* Task prompt:
Please set down only the lines below starting with the line with "2007 Acura CSX" and going on through the line with "Dream Weaver Digital Comic - Book 3", verbatim and without pictures.

* Task material:
-*-
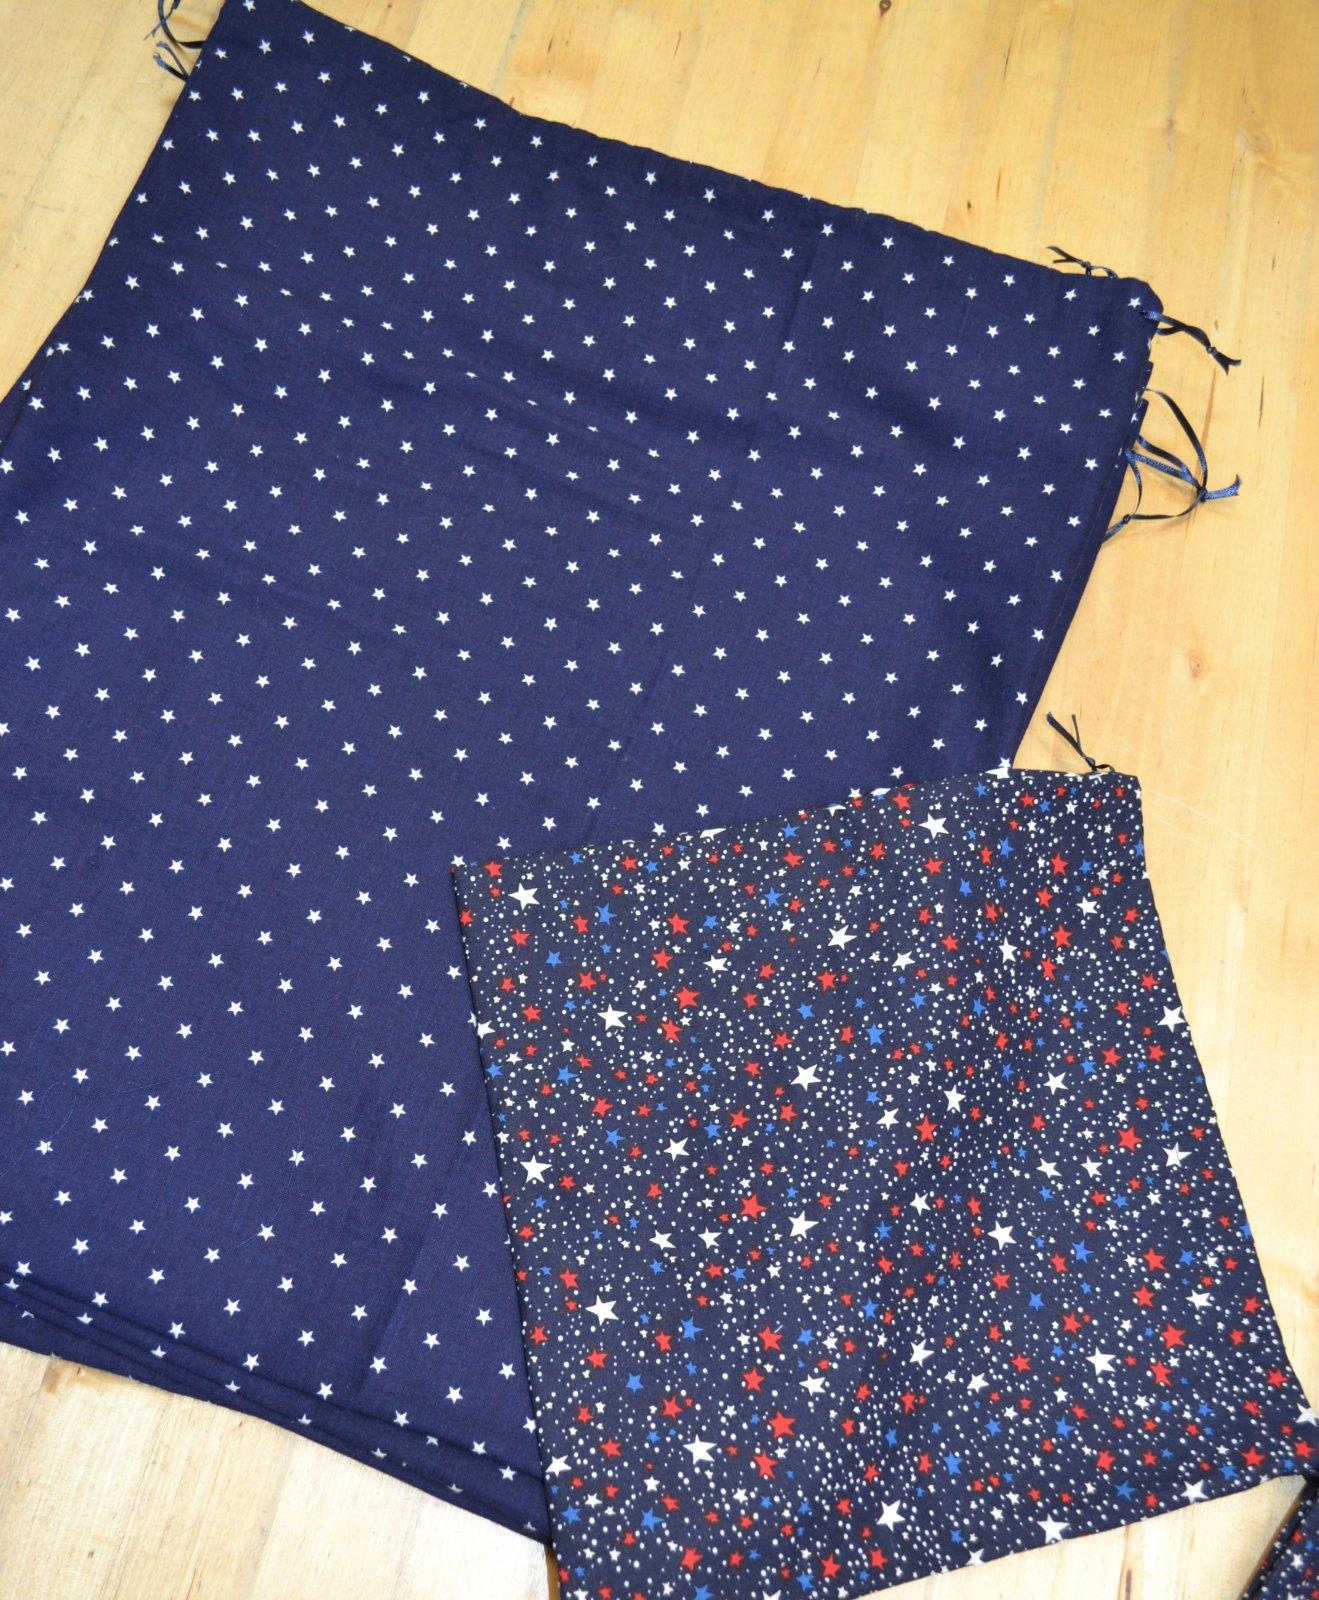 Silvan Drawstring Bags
-*-
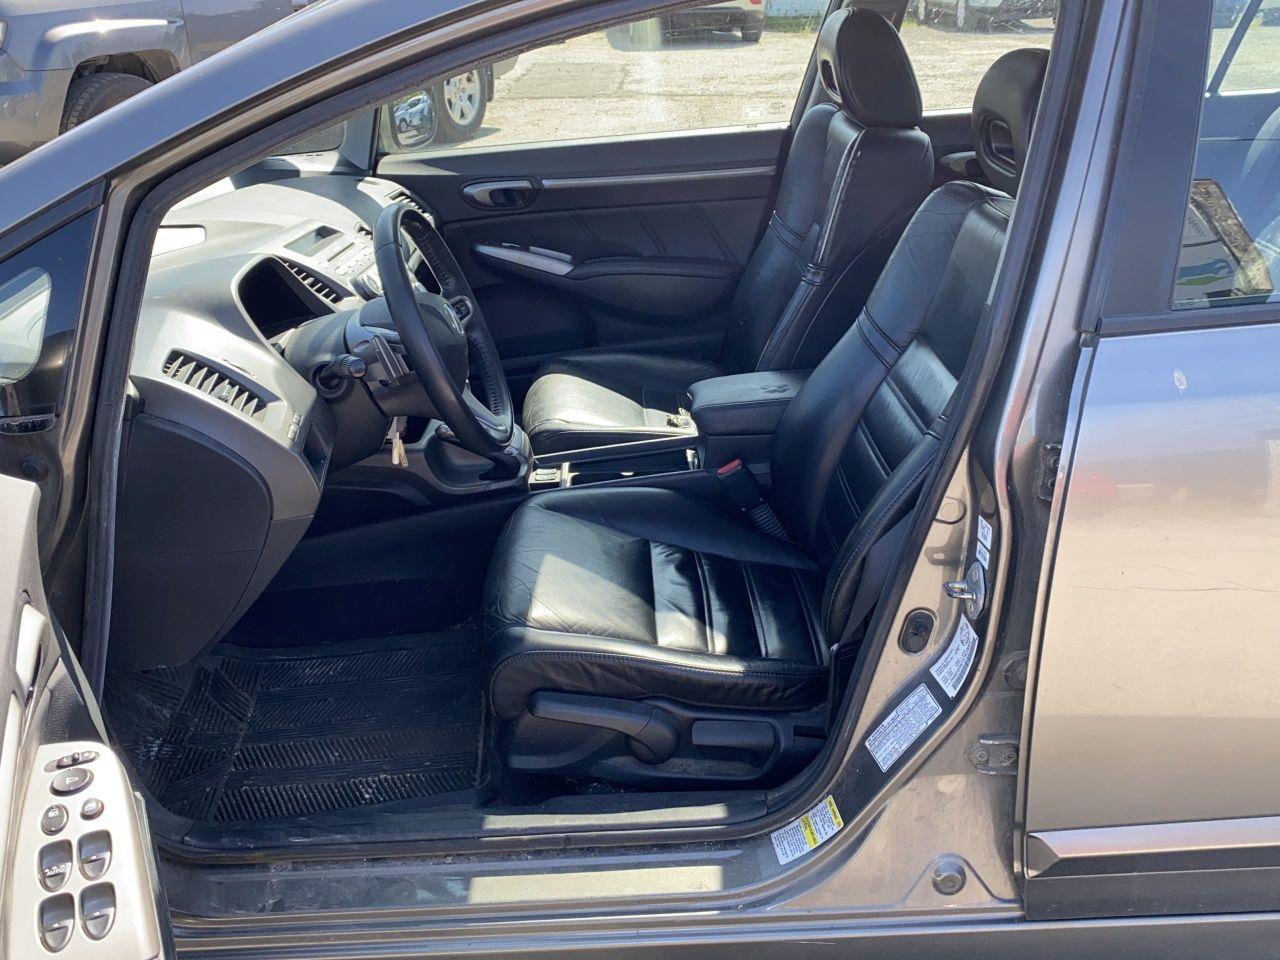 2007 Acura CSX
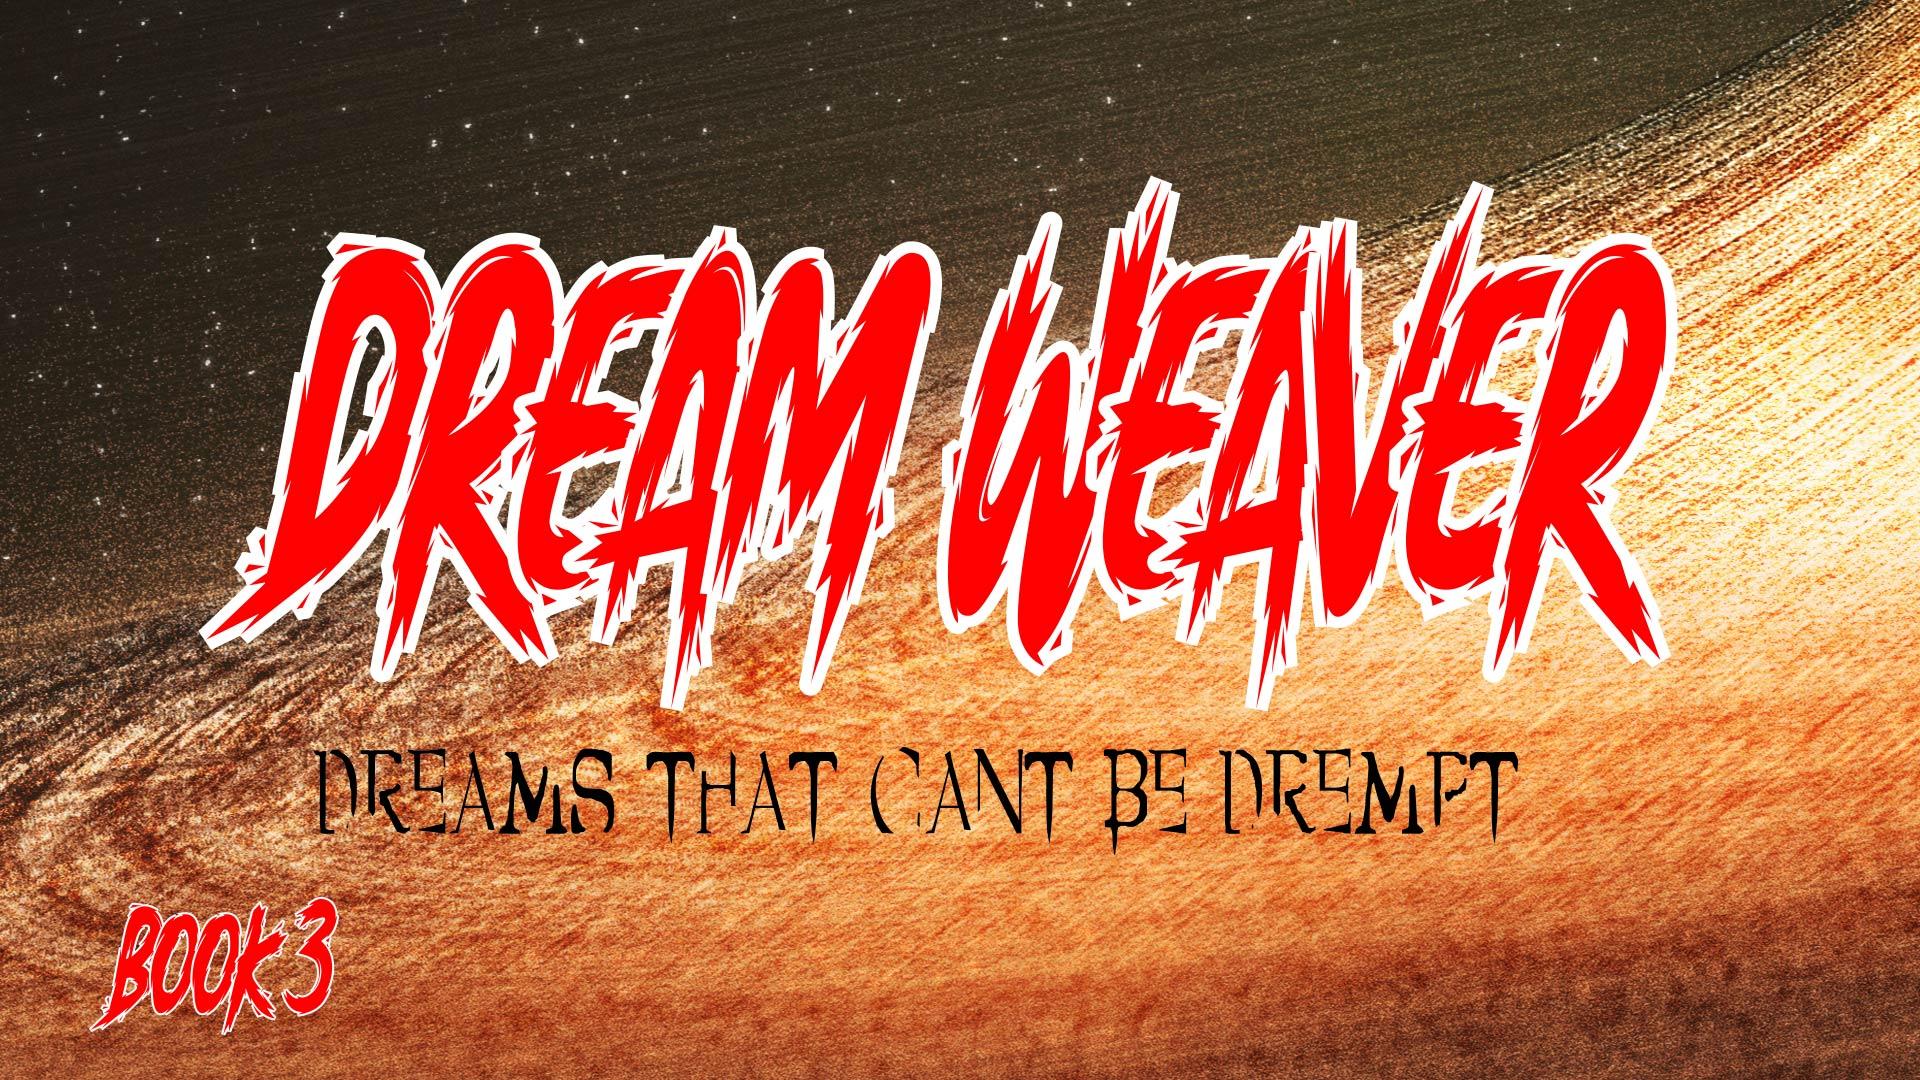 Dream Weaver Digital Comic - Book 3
-*-
* Output of the task:
 2007 Acura CSX
 Dream Weaver Digital Comic - Book 3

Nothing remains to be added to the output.